Text classification has been widely studied in many real-world applications, such as sentiment analysis [1], [2], [3], recommendation systems [4], [5], community detection [6], and anomaly detection [7]. Over years, with the remarkable domain-expert-free feature-learning ability, various neural network models have been successfully applied to the text classification task. Among them, Recurrent Neural Networks (RNNs) [8], Convolutional Neural Networks (CNNs) [9], [10], Transformer [11] and their variants [12] are representative deep learning paradigms. Specially, powered with a latent memory, RNNs are good at processing sequential data and widely adopted in natural language processing [13], [14]. CNNs are able to exploit the shift-invariance, local connectivity, and compositionality of data, which make them popular in computer vision and natural language processing [15], [16], [17]. Some other works manage to combine RNNs and CNNs to capture local features and global features [18]. These models are proved to be effective for capturing hidden patterns in the Euclidean space.

Recently, there is an increasing number of applications where data are generated from non-Euclidean domains and represented in the form of graphs. For example, in e-commerce, users and product items can be considered as two kinds of nodes. Together with the relations between them, they are expressed in a heterogeneous graph. In the citation network, authors and their publications can be regarded as two kinds of nodes. Together with the author-to-publication, publication-to-author, publication-to-publication, and author-to-author relations, they are represented as a complex graph. However, previous neural networks cannot be applied to non-Euclidean domains directly. Driven by the strong practical application needs and the potential research value, graph neural networks (GNNs) have been widely studied and employed in real life [19], [20], [21], [22]. For example, in community detection, GNNs are adopted to model complex graph structures between user nodes and their relations in an inherently convenient way [6]. In anomaly detection, GNNs are successfully applied to capture graph information to help identify anomalous graph objects (i.e., nodes, edges, and sub-graphs) [7].

When applied to text classification, GNNs allow the features of nodes at any location to directly attend to each other according to structural information (e.g., the relations between nodes). In detail, GNN-based methods first explicitly introduce the relations (i.e., adding edges) between words or terms in the graph construction stage. Then they encode this structural information into the learning process in the graph reasoning stage. For example, TextGCN [23] considers words and documents as two kinds of nodes to build a corpus-level heterogeneous text graph. [24] extends TextGCN and employs a tensor to model different graphs. This line of works trains their system in the transductive setting, which means they can exploit the mutual relationships between training and test examples [25]. Nonetheless, they need to pre-establish all documents (including test documents) in their graphs. This leads to the need of reconstructing the whole text graph and retraining the system from scratch when new documents come. This is inefficient and unrealistic when applied to real-world scenarios. To address this problem, [26] adopts the message passing framework [21] and mini-batch-based feature propagation mechanism. The drawback of this method is that it ignores the quality of the graph which could result in sub-optimal performance. To summarize, there remain two major limitations in GNN methods: (1) these methods are unable to easily adapt to new documents; (2) most of them ignore the quality of text graphs. These impede its wide application in practical scenarios. In this paper, we propose a Graph Fusion Network (GFN), which attempts to overcome these limitations and further boost system performance on text classification.

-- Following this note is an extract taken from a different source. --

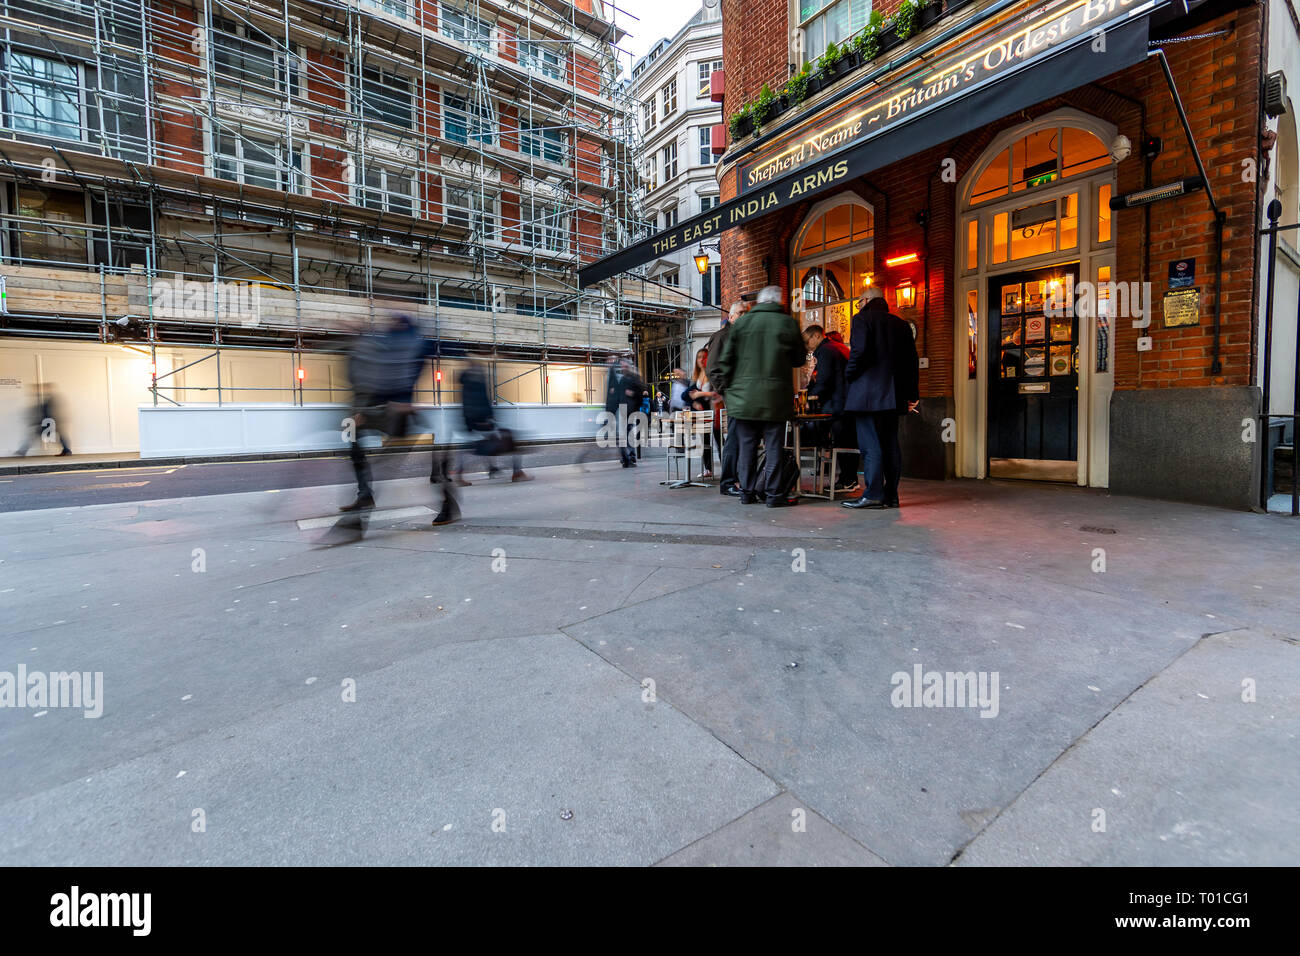 Drinkers and commuters mix on the street outside the East India Arms, 20 Fenchurch Street, London. Stock Photo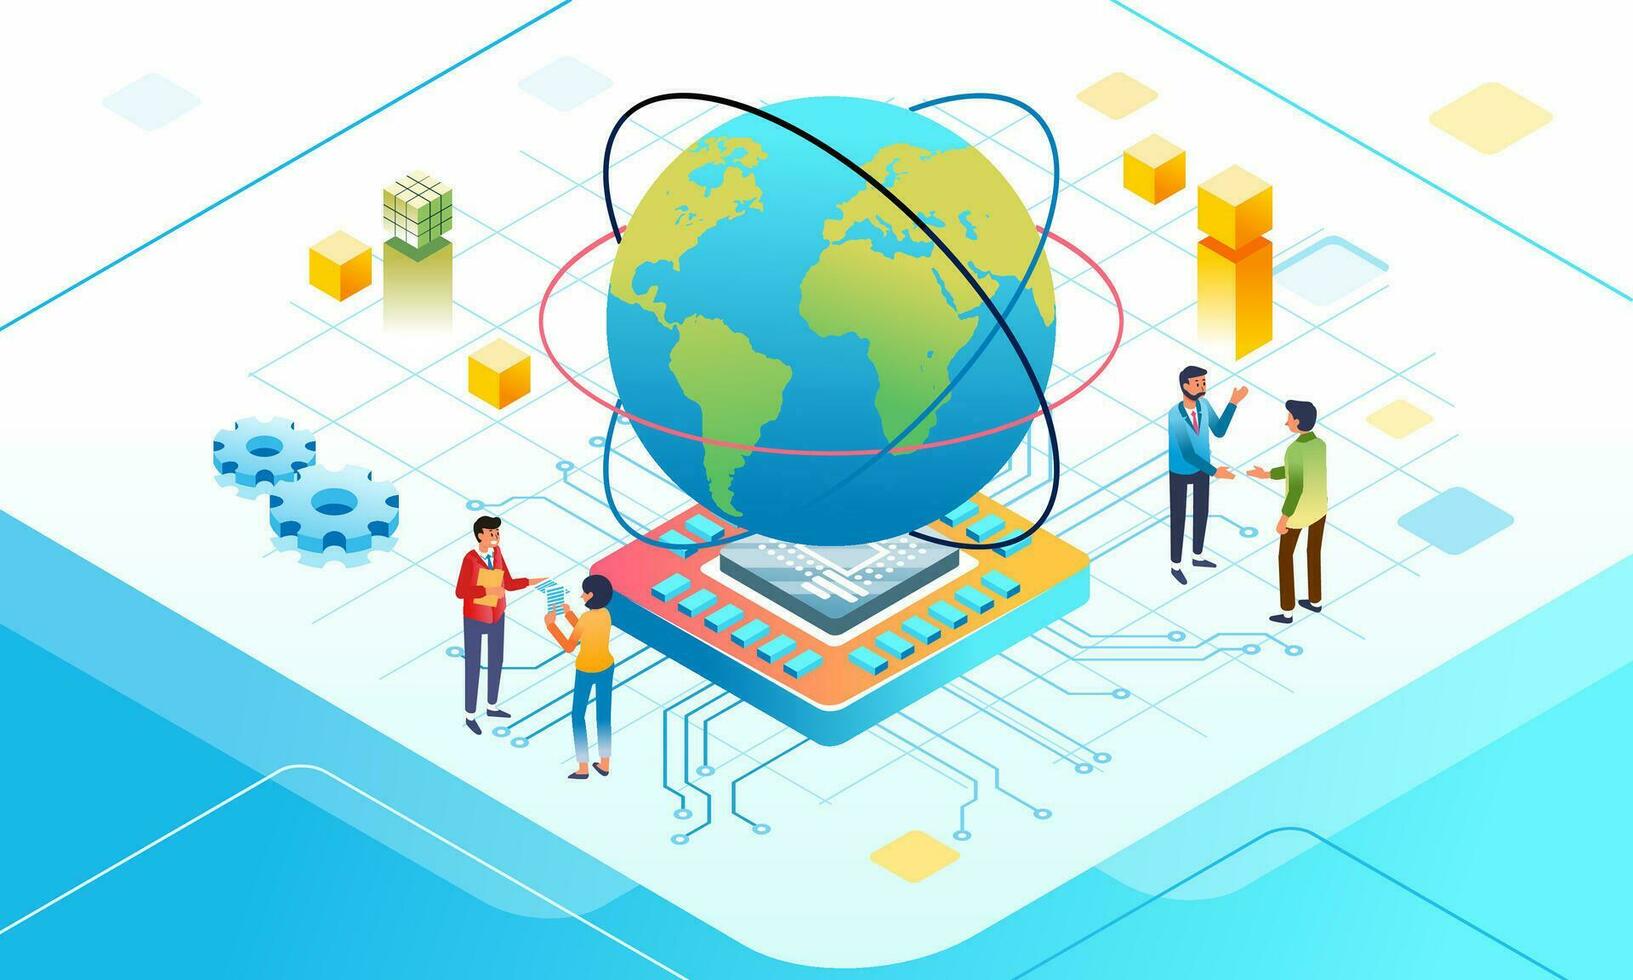 isometric illustration of Data communication and internet connectivity, big globe with chip board under and people talk to each other vector

GFN consists of a graph construction stage and a graph reasoning stage. In the graph construction stage, GFN manage to overcome the two limitations mentioned above. In detail, For the first limitation, instead of pre-defining all documents as nodes in the text graph, GFN discards document-level nodes and builds pure word-level text graphs. To generate document embeddings, GFN fuses word embeddings according to the document-level structural information on the fly. In this way, the system does not need to reconstruct the text graphs and retrain the learning system when facing new documents. For the second limitation, it is known that constructing an ideal text graph, which can exactly capture all structural knowledge, is a nontrivial task, while constructing text graphs by different methods may contain different views of information  [24], [26]. Thus, GFN constructs different corpus-level graphs by transforming external knowledge (i.e., pre-calculated co-occurrence statistic and pre-trained embedding) as structural information, and integrate them to compensate each other.

In the graph reasoning process, GFN adopts three steps (i.e. graph learning, graph convolution, and graph fusion) to boost system performance. First, GFN adds a graph learning step to adjust the initialized edge weights to better serve the task. Then, GFN adopts the message passing mechanism [21] for graph convolution computing. At last, GFN applies a late-fusion paradigm (i.e. fuse the logits or final decision results), which consists of an elaborately designed multi-head-based fusion module, to integrate the results coming from each graph in the graph fusion step. Importantly, different from the early-fusion paradigm (i.e. feature-level fusion), late fusion brings in a number of advantages. First, it avoids the early cross-contamination due to noise and irrelevant information contained in each graph. Second, it inherits the robustness and empirical good performance of ensemble learning. Third, the late fusion paradigm retains diverse representation ability. The algorithm flow chart of GFN is shown in Fig. 1.

In sum, our contributions can be concluded as follows:

  • To overcome the two limitations that remained in the GNN-based text classification task, in the graph construction stage, (1) we propose to exploit different external-knowledge-induced text graphs to better capture the structural information between words and across documents, and (2) we build homogeneous text graphs, which remove the dependency between the acquisition of document embedding and graph construction process, to make the system easily adapt to new documents.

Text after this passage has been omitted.